Multiplication of Antenna Genes As a Major Adaptation to Low Light in a Marine Prokaryote

Overview

Journal Proc Natl Acad Sci U S A

Specialty Science

Date 2000 Mar 22

PMID 10725393

Citations 29

Authors

L Garczarek

W R Hess

J Holtzendorff

G W van der Staay

F Partensky

Affiliations

Soon will be listed here.

Abstract

Two ecotypes of the prokaryote Prochlorococcus adapted to distinct light niches in the ocean have been described recently.

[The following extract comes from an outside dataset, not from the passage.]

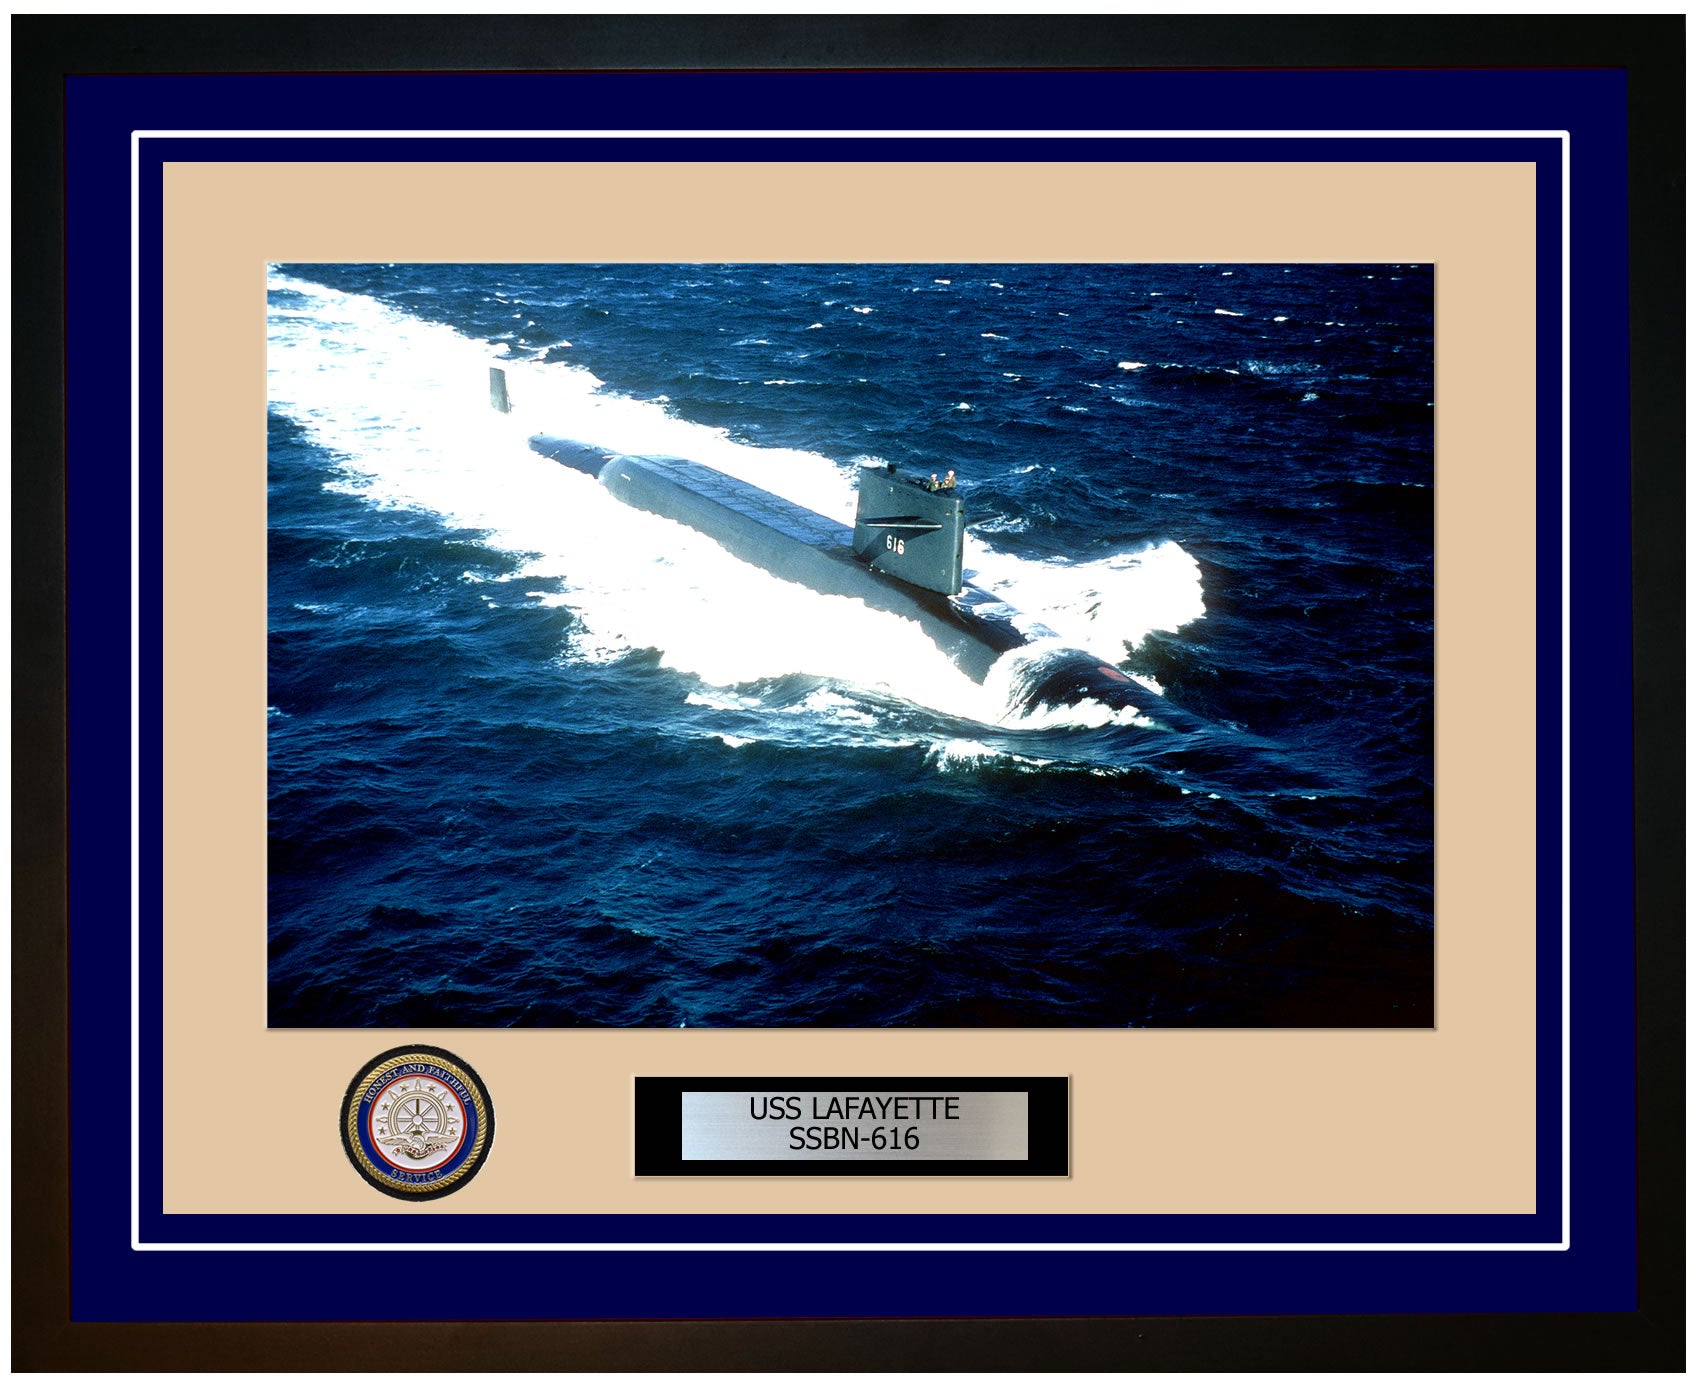 USS Lafayette SSBN-616 Framed Navy Ship Photo Blue

These ecotypes are characterized by their different (divinyl-) chlorophyll (Chl) a to Chl b ratios and 16S rRNA gene signatures, as well as by their significantly distinct irradiance optima for growth and photosynthesis [Moore, L. R., Rocap, G. & Chisholm, S. W. (1998) Nature (London) 393, 464-467]. However, the molecular basis of their physiological differences remained, so far, unexplained. In this paper, we show that the low-light-adapted Prochlorococcus strain SS120 possesses a gene family of seven transcribed genes encoding different Chl a/b-binding proteins (Pcbs). In contrast, Prochlorococcus sp. MED4, a high-light-adapted ecotype, possesses a single pcb gene. The presence of multiple antenna genes in another low-light ecotype (NATL2a), but not in another high-light ecotype (TAK9803-2), is demonstrated. Thus, the multiplication of pcb genes appears as a key factor in the capacity of deep Prochlorococcus populations to survive at extremely low photon fluxes.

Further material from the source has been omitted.